I hope you've enjoyed this attempt to make another 1970s technology useful in a modern world.

Libdex Improvements

libdex 1.2 is still in pre-alpha phase but it is also far enough along that it is worth talking about the direction: libdex is growing from a library of future and fiber helpers into a more complete concurrency toolkit.

The most important 1.2 theme is that applications can now describe not just what work should happen concurrently, but how that work should be bounded and owned. DexLimiter lets a workload run with a fixed concurrency budget, with dex_limiter_run() handling the common fiber case by acquiring a permit before work starts and releasing it after the fiber completes. For larger workflows, DexTaskGroup gives related futures a structured scope that can be closed, awaited, or cancelled as one unit.

That combination makes cleanup much easier to reason about when a workflow has many moving pieces. A loader can start many subtasks, keep only a useful number active at once, and return a single future representing the whole operation. If the window closes, the project changes, or the operation times out, the group gives the application one place to cleanly shut the work down.

static DexFuture *
load_many_files (GPtrArray *files)
{
  g_autoptr(DexTaskGroup) group = dex_task_group_new (0);
  g_autoptr(DexLimiter) limiter = dex_limiter_new (8);

  for (guint i = 0; i < files->len; i++)
    {
      GFile *file = g_ptr_array_index (files, i);

      dex_task_group_add (group,
                          dex_limiter_run (limiter,
                                           NULL,
                                           0,
                                           load_one_file,
                                           g_object_ref (file),
                                           g_object_unref));
    }

  return dex_future_with_timeout_seconds (dex_task_group_close (group), 10);
}

There is also a new DexThreadPool for the cases that are not naturally fiber-shaped.

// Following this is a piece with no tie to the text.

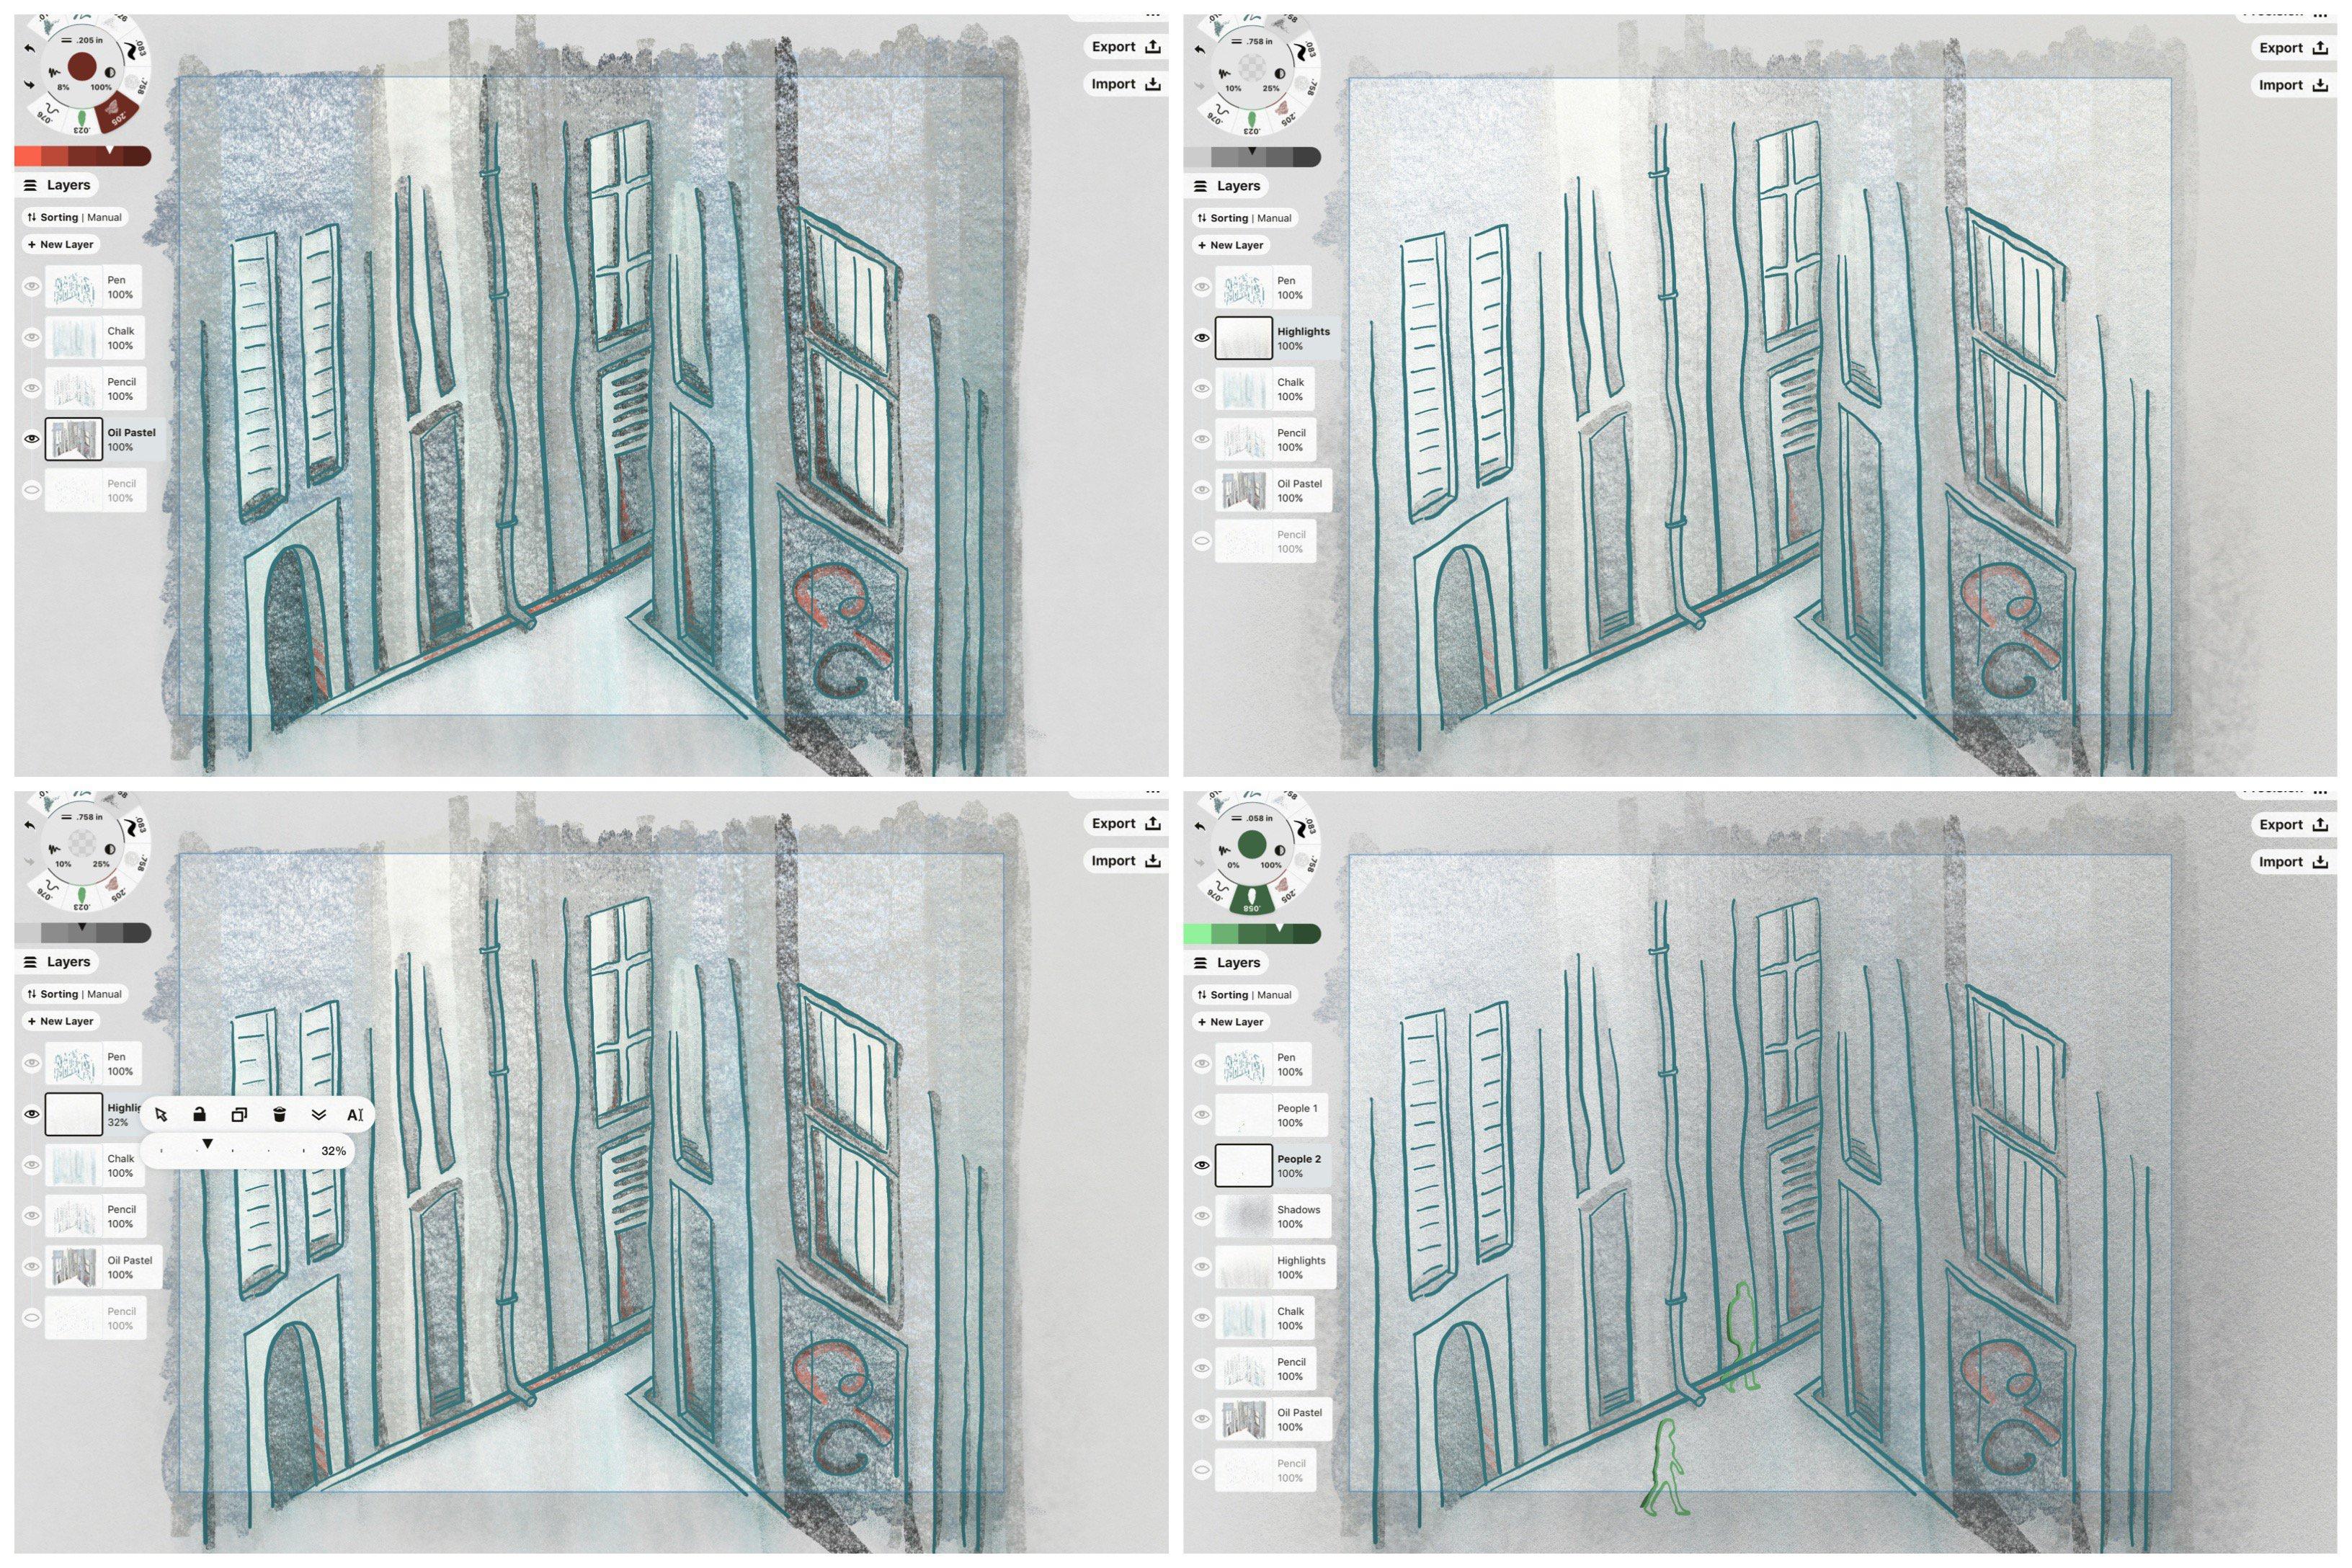 layers_illustration4.JPG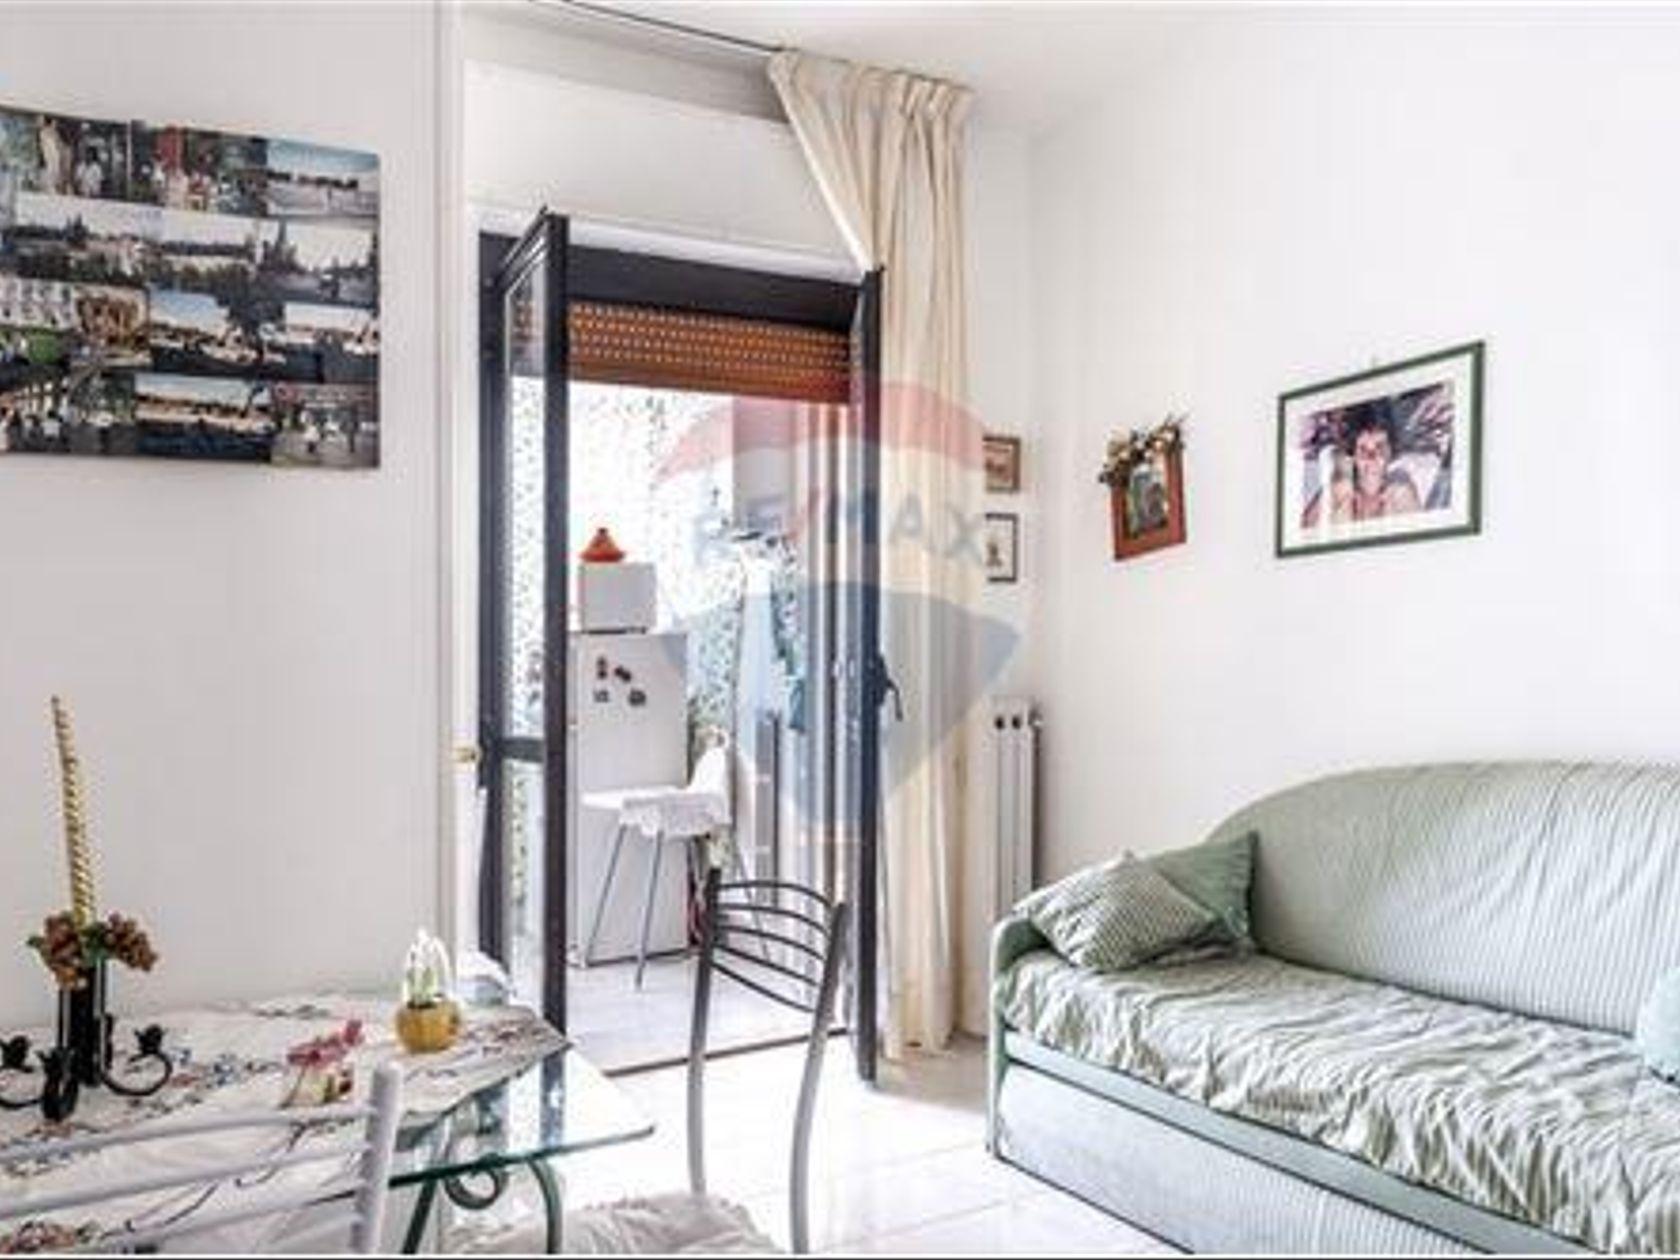 Appartamento Japigia, Bari, BA Vendita - Foto 6

Fibers and schedulers are still the right fit for cooperative async work, but many applications need to integrate blocking libraries, database clients, filesystem helpers, or other foreign code. A fixed pool of reusable OS threads, dex_thread_pool_submit(), and asynchronous dex_thread_pool_close() give that integration story a bounded queue and an explicit shutdown path.

Deadlines are another practical piece of the same story. The new timeout wrappers, including dex_future_with_timeout_seconds() and dex_future_with_deadline(), turn time limits into ordinary future composition. Instead of open-coded timeout state spread across an application, a future can resolve normally, reject normally, or reject with DEX_ERROR_TIMED_OUT when the deadline wins.

On the I/O side, 1.2 continues filling in the operations that make responsiveness easier to preserve. dex_aio_open() and dex_aio_close() matter because even operations that look small can stall when they touch the kernel, storage, or network-backed filesystems. Keeping those calls in libdex’s file-descriptor AIO model makes it easier to keep them off the UI thread, using io_uring where it is available and the fallback AIO backend elsewhere.

The broader GIO coverage is intentionally less surprising, but still important. More app launching, GFile, stream, socket, resolver, proxy, TLS, DTLS, permission, subprocess, and Unix-facing APIs now have future-first wrappers. That is the kind of coverage people should expect from libdex over time: not every wrapper needs a release headline, but each one reduces the pressure to leave the future model for common GNOME application work.